Chinese transcription(s)
- • Simplified: 宜冲桥乡
- • Traditional: 宜沖橋鄉
- • Pinyin: Yichongqiao Xiang
- Yichongqiao Township Location in China
- Coordinates: 29°20′00″N 110°51′29″E﻿ / ﻿29.33333°N 110.85806°E
- Country: People's Republic of China
- Province: Hunan
- City: Zhangjiajie
- County: Cili County

Area
- • Total: 30 km^{2} (12 sq mi)

Population
- • Total: 18,000
- • Density: 600/km^{2} (1,600/sq mi)
- Time zone: UTC+8 (China Standard)
- Area code: 0744

= Yichongqiao =

Yichongqiao Township (宜冲桥乡 (宜沖橋鄉, Yichongqiao Xiang)) is a rural township in Cili County, Zhangjiajie, Hunan Province, People's Republic of China.

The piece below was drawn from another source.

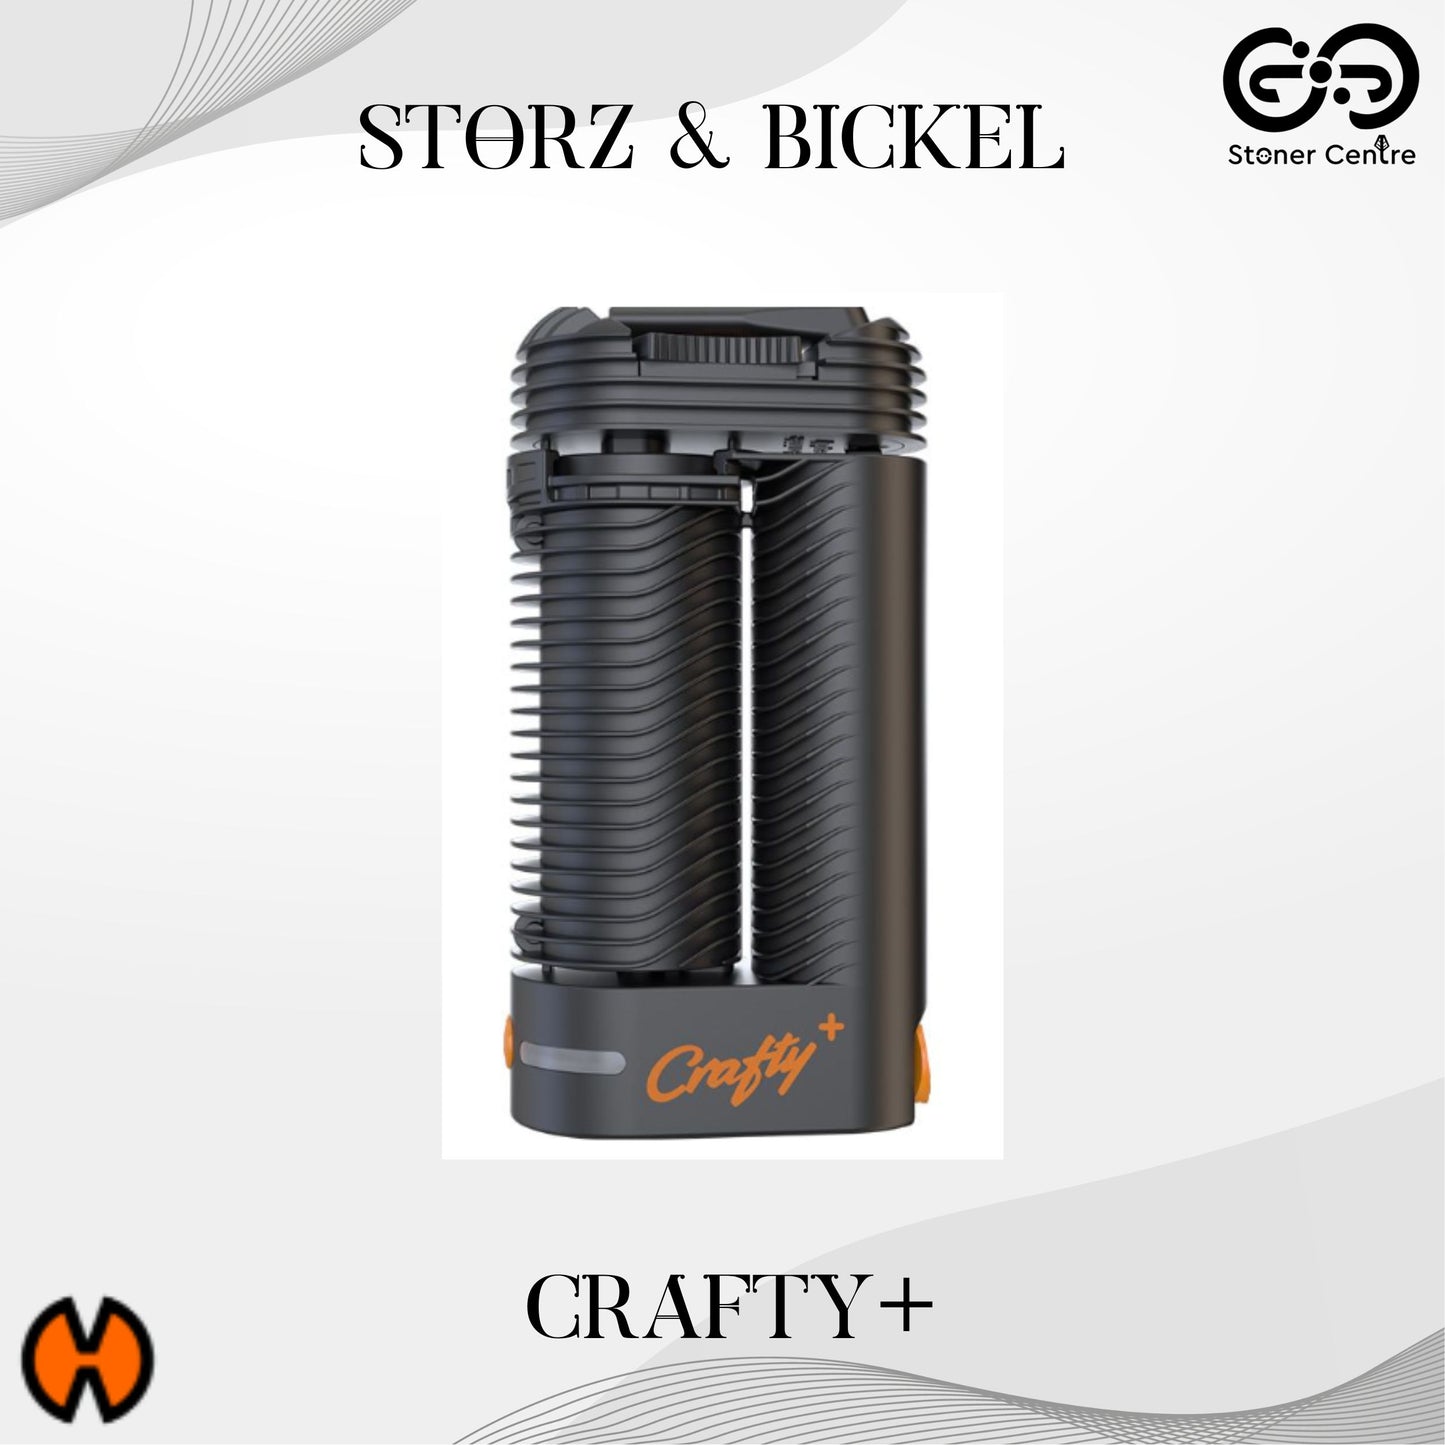 Storz & Bickel | Crafty+

==Administrative divisions==
The township is divided into 20 villages, which include the following areas: Yichongqiao Village, Shadao Village, Changxing Village, Maoping Village, Yangjiaqiao Village, Nanzhu Village, Yueliangtai Village, Yumidu Village, Xiajiaping Village, Huangniqiao Village, Xiama'an Village, Renjiaping Village, Jiulong Village, Xiejiazhuang Village, Changlinggang Village, Liaojiayu Village, Chishengyu Village, Longxiang'an Village, Yanyu Village, and Guanzhuang Village (宜冲桥村、沙刀村、长兴村、茅坪村、杨家桥村、楠竹村、月亮台村、渔米渡村、夏家坪村、黄泥桥村、下马鞍村、任家坪村、九龙村、歇驾庄村、长岭岗村、廖家峪村、赤生峪村、龙象庵村、岩峪村、官庄村).